Wright began appearing off-Broadway in New York City and Washington, D.C. In 1990, he appeared in his first major film as an attorney in Alan J. Pakula's legal drama Presumed Innocent. In 1991, he joined John Houseman's national touring repertory company The Acting Company in productions of A Midsummer Night's Dream and Athol Fugard's Blood Knot. In 1993 and 1994, he appeared as Norman "Belize" Arriaga in Tony Kushner's award-winning play Angels in America. His portrayal of a gay nurse forced to take care of Roy Cohn as he dies of AIDS won him the Tony Award for Best Featured Actor in a Play. He also had small roles in the films Jumpin' at the Boneyard (1992), Faithful (1996), and Critical Care (1997).
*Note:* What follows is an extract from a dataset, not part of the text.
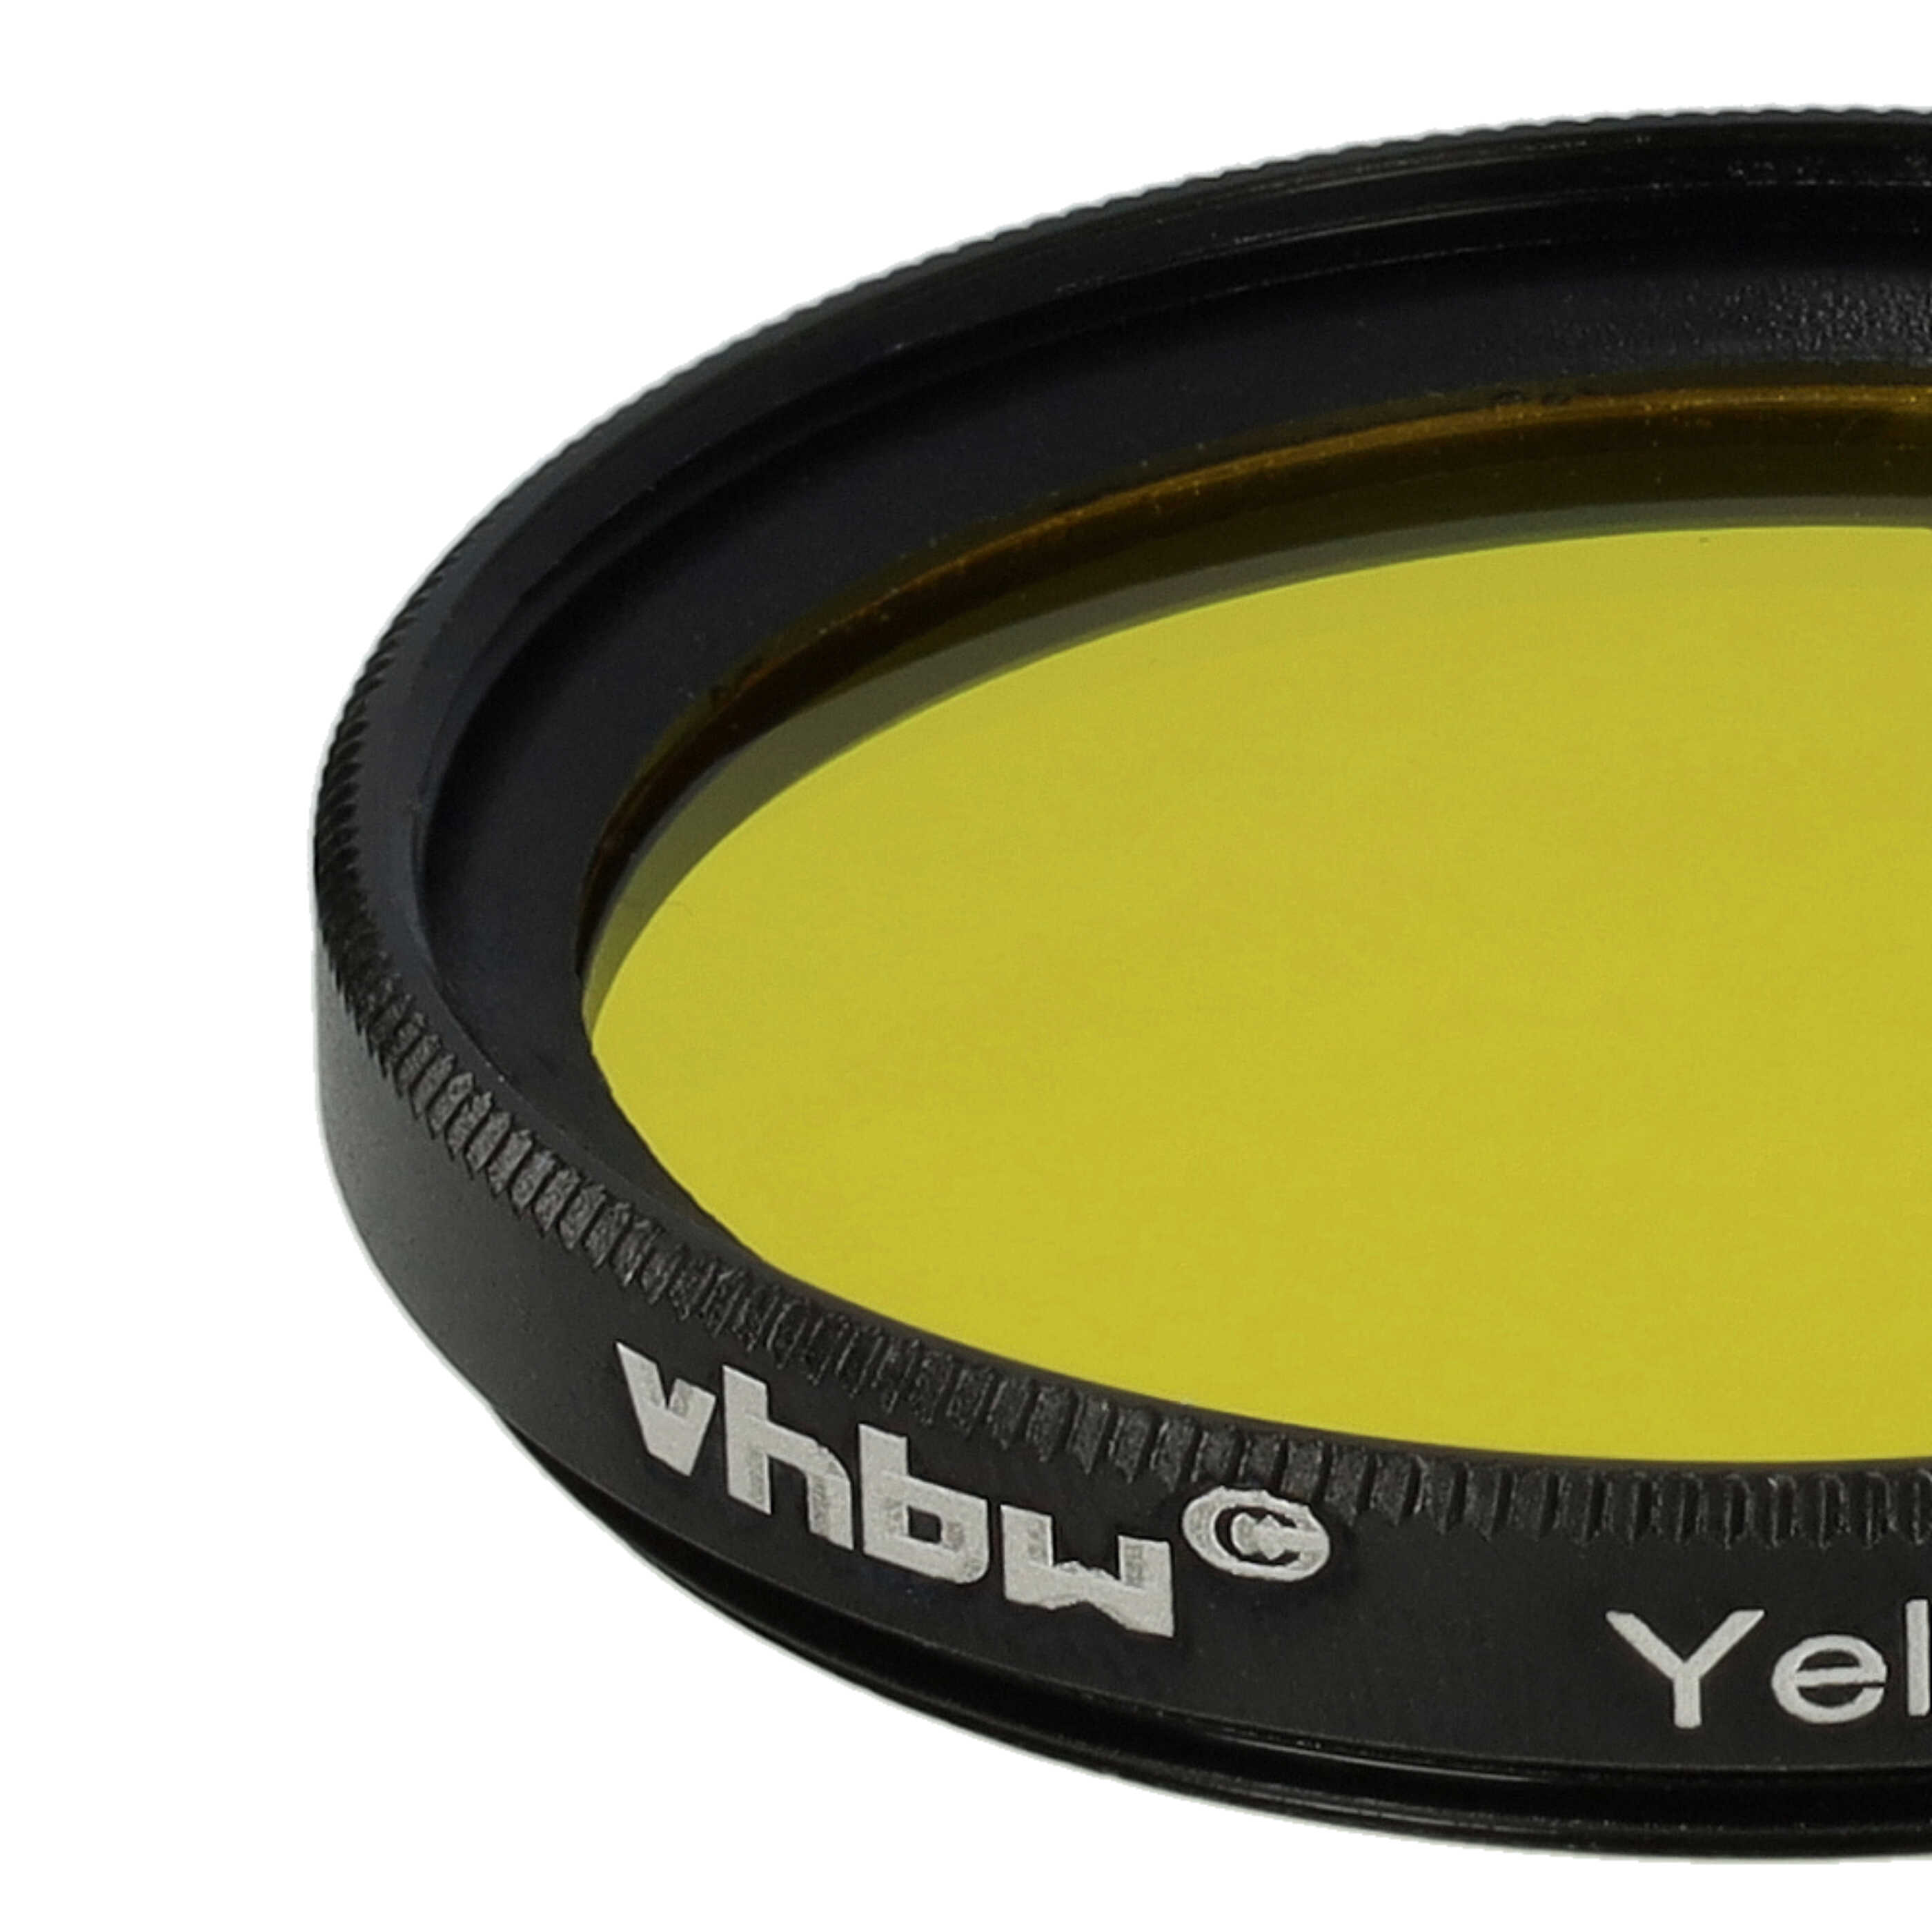 Filtro colorato per obiettivi fotocamera con filettatura da 37 mm - filtro giallo
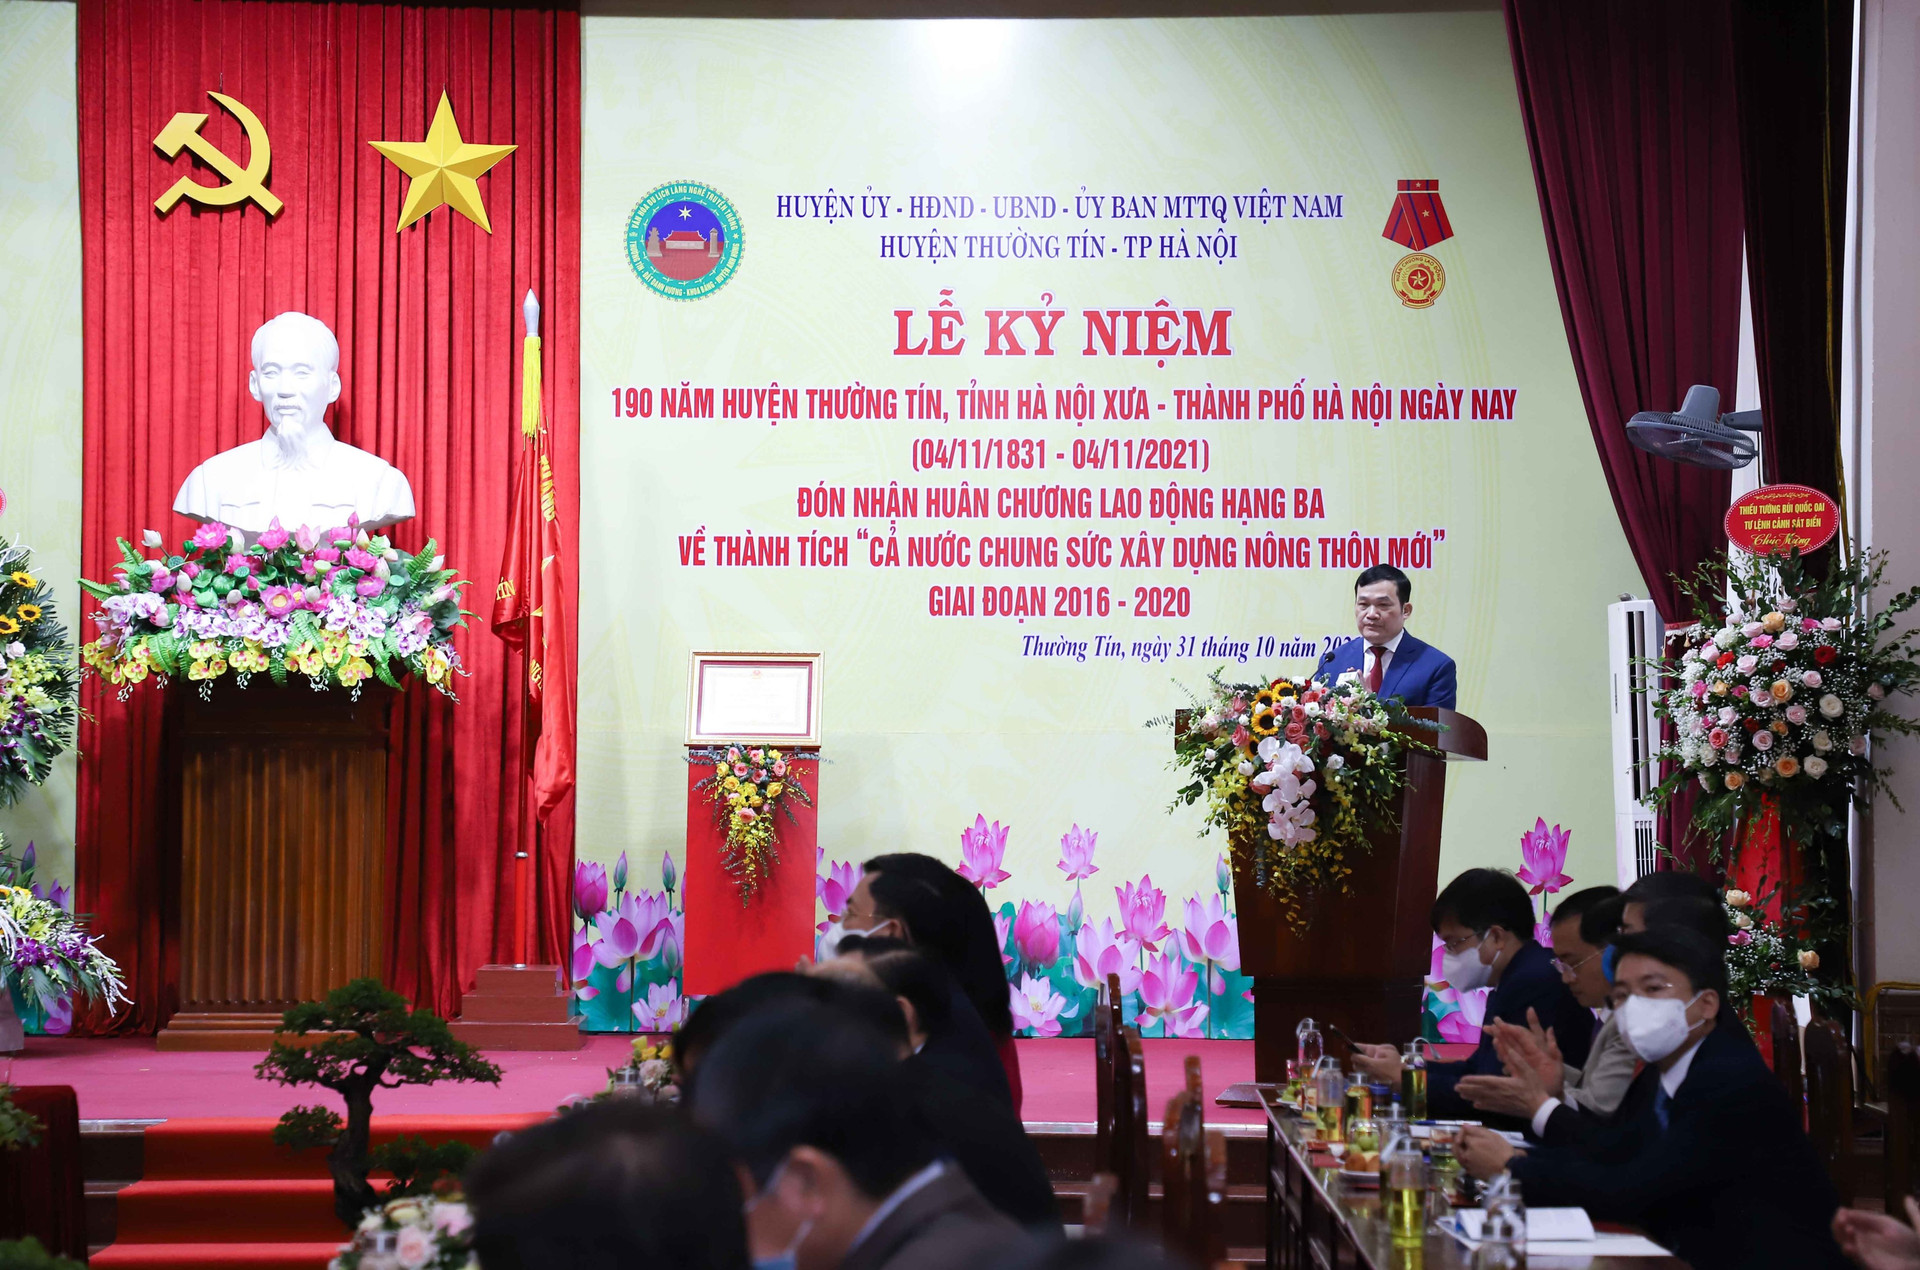 Đồng chí Nguyễn Tiến Minh – Thành ủy viên, Bí thư Huyện ủy phát động phong trào thi đua yêu nước.

He guest-starred in George Lucas's The Young Indiana Jones Chronicles as a fictionalized Sidney Bechet and Homicide: Life on the Street in the early to late 1990s. In 1996, Wright starred in his first leading film role, portraying painter Jean-Michel Basquiat in the film Basquiat, to critical acclaim. Critic Roger Ebert praised Wright as "[giving] a performance of almost mystical opacity". For his performance, he earned an Independent Spirit Award for Best Debut Performance nomination. Throughout the 1990s and early 2000s, he appeared in roles in such films as Woody Allen's satirical comedy Celebrity (1998), and Ang Lee's western Ride with the Devil (1999).

In 2000, he starred in three films, Shaft, Hamlet, and Crime and Punishment in Suburbia. He also starred in Clark Johnson's HBO television film Boycott (2001) as Martin Luther King Jr., for which he received an AFI Award. He starred opposite Carmen Ejogo and Terrence Howard. The following year, he portrayed Howard Bingham in Michael Mann's biographical sports drama Ali (2001). The film also starred Will Smith, Jamie Foxx, and Jon Voight. The following year, he returned to Broadway playing Lincoln in the Suzan-Lori Parks play Topdog/Underdog (2002). He starred opposite Mos Def who played Booth. Wright for his performance earned a Tony Award for Best Actor in a Play nomination. In 2003, he reprised his role as Norman "Belize" Arriaga in HBO's award-winning adaptation of Angels in America, garnering him an Primetime Emmy Award for Outstanding Supporting Actor in a Limited or Anthology Series or Movie and a Golden Globe Award for Best Supporting Actor – Series, Miniseries or Television Film.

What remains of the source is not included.